What to work on: Give again, unaltered, the lines of the listing below that run from the line having "Travel Tips and" through the line having "Игрушка американская кукла".

Source data:
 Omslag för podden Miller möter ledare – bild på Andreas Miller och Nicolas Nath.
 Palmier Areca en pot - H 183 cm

...

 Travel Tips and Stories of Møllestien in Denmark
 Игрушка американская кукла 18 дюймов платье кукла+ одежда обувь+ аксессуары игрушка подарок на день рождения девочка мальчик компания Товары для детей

...

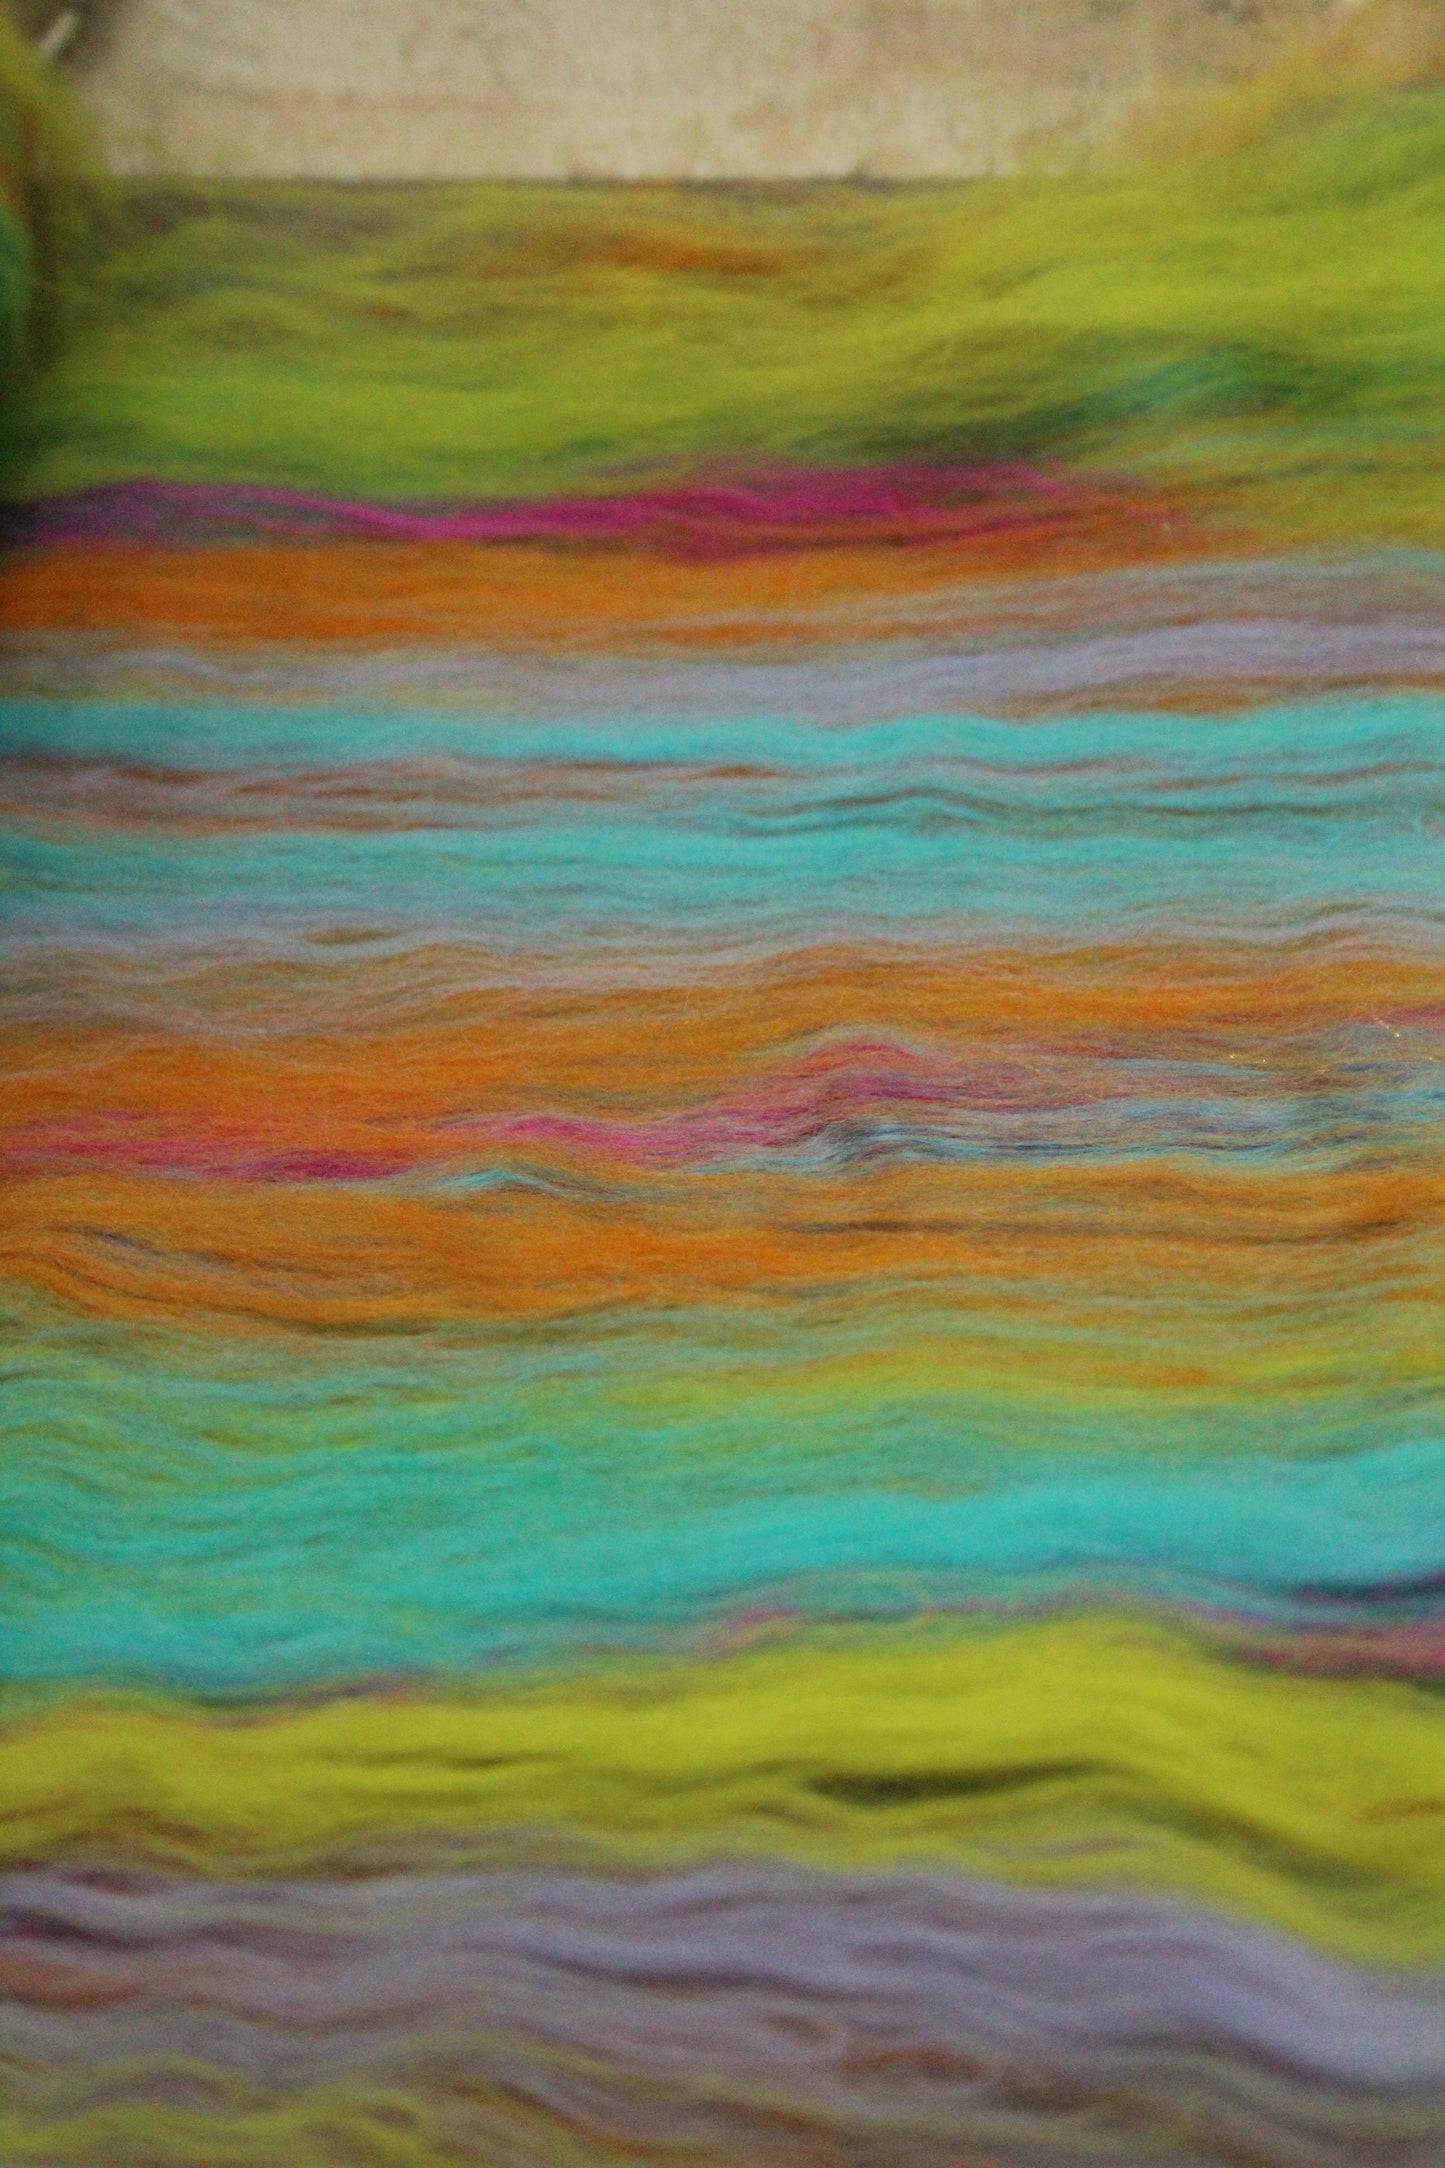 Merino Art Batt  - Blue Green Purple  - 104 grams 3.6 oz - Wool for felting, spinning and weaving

Exercise result:
 Travel Tips and Stories of Møllestien in Denmark
 Игрушка американская кукла 18 дюймов платье кукла+ одежда обувь+ аксессуары игрушка подарок на день рождения девочка мальчик компания Товары для детей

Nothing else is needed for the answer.